14. – Deriva, pertanto, da quanto sopra, la fondatezza del (solo) primo motivo di appello, il che conduce alla riforma della sentenza del Tribunale amministrativo regionale per il Veneto, Sez. II, 15 febbraio 2018 n. 179 che ha dichiarato la inammissibilità del ricorso di primo grado (n. R.g. 1502/2017) e, nondimeno, alla infondatezza dei motivi di ricorso non esaminati nel corso del primo grado del presente giudizio, con conseguente reiezione, nel merito, del ricorso proposto in primo grado.
In ragione della complessità della vicenda sottesa al presente contenzioso, possono ritenersi sussistenti i presupposti per disporre la compensazione delle spese di lite del doppio grado di giudizio, tra le parti, ai sensi dell’art. 92 c.p.c., per come richiamato espressamente dall’art. 26, comma 1, c.p.a..

P.Q.M.

Il Consiglio di Stato in sede giurisdizionale
Sezione Sesta, definitivamente pronunciando sull’appello n. R.g. 2310/2018, come in epigrafe proposto, lo accoglie in parte e, per l’effetto, pur riformando la sentenza del Tribunale amministrativo regionale per il Veneto, Sez. II, 15 febbraio 2018 n. 179, respinge il ricorso (n. R.g. 1502/2017) proposto in primo grado dalle signore St. Br. e Ca.

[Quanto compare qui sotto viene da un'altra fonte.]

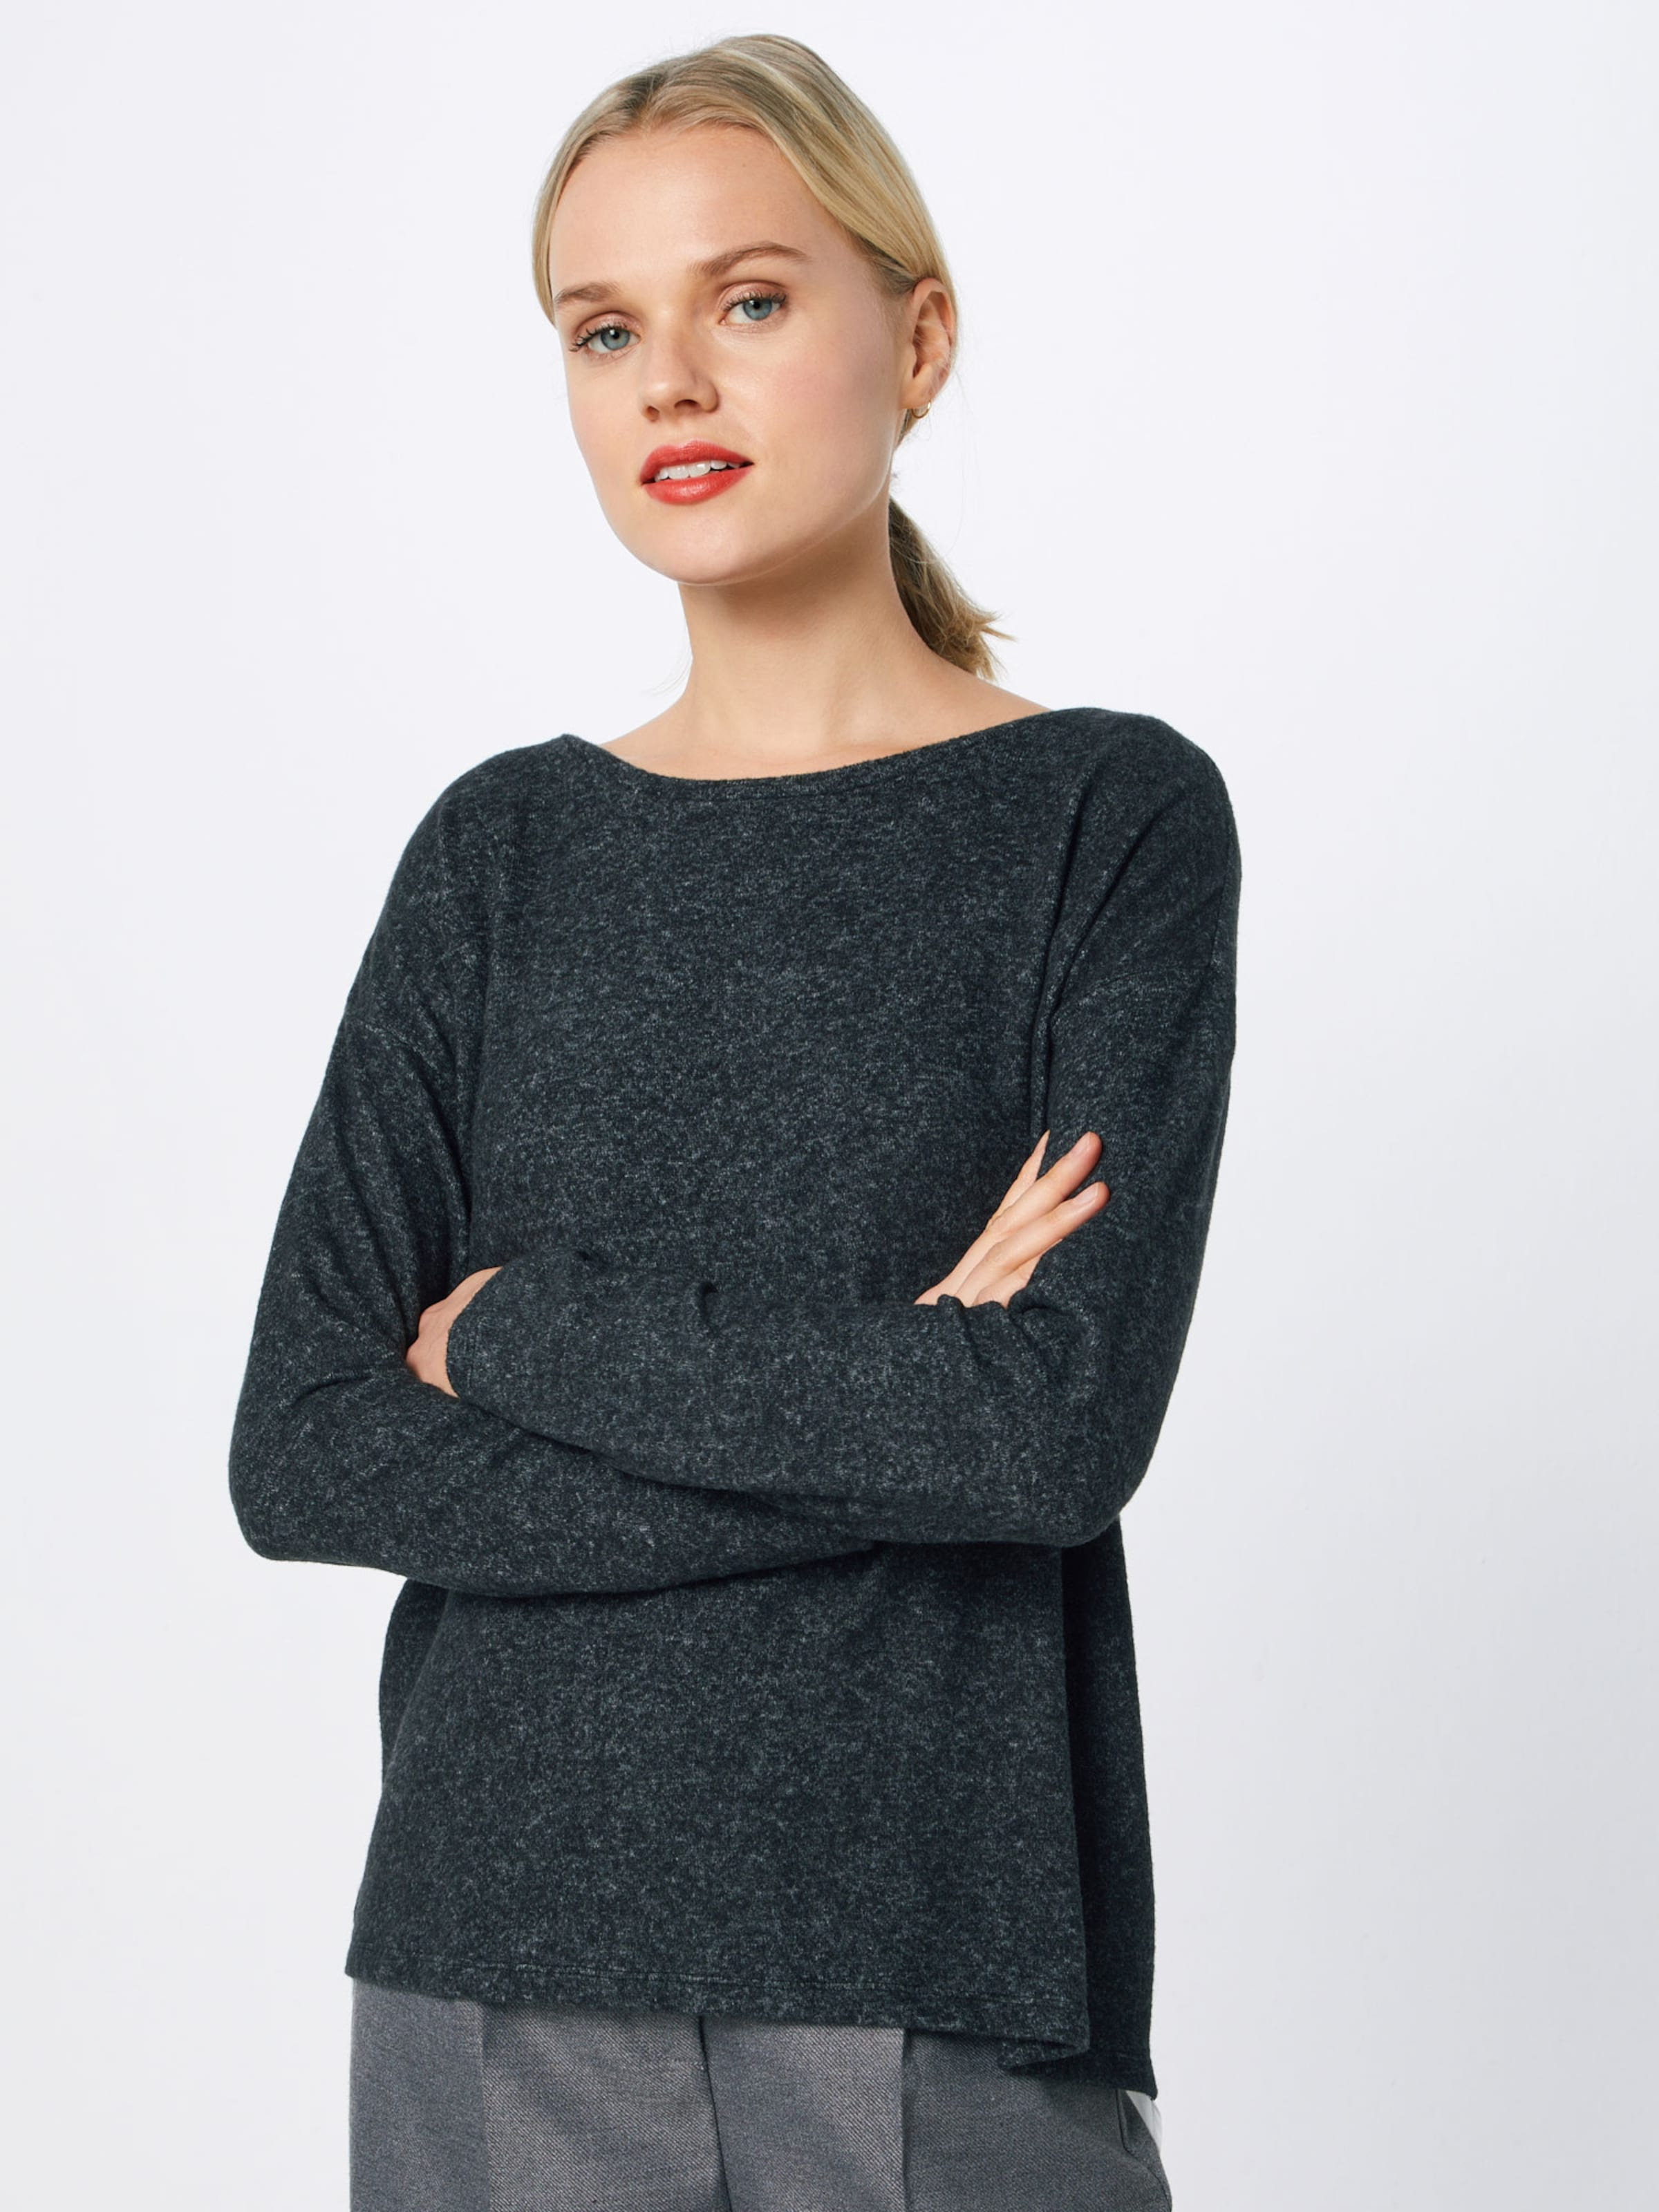 shirts' Shirt By Esprit 'woven Hem Edc T In Schwarz jcR5L4A3q

Do..
Spese del doppio grado compensate.
Ordina che la presente sentenza sia eseguita dall’Autorità amministrativa.
Così deciso in Roma nelle Camere di consiglio del 13 giugno 2019 e del 19 settembre 2019 con l’intervento dei magistrati:
Sergio Santoro – Presidente
Bernhard Lageder – Consigliere
Vincenzo Lopilato – Consigliere
Alessandro Maggio – Consigliere
Stefano Toschei – Consigliere, Estensore

 

 

In caso di diffusione omettere le generalità e gli altri dati identificativi dei soggetti interessati nei termini indicati.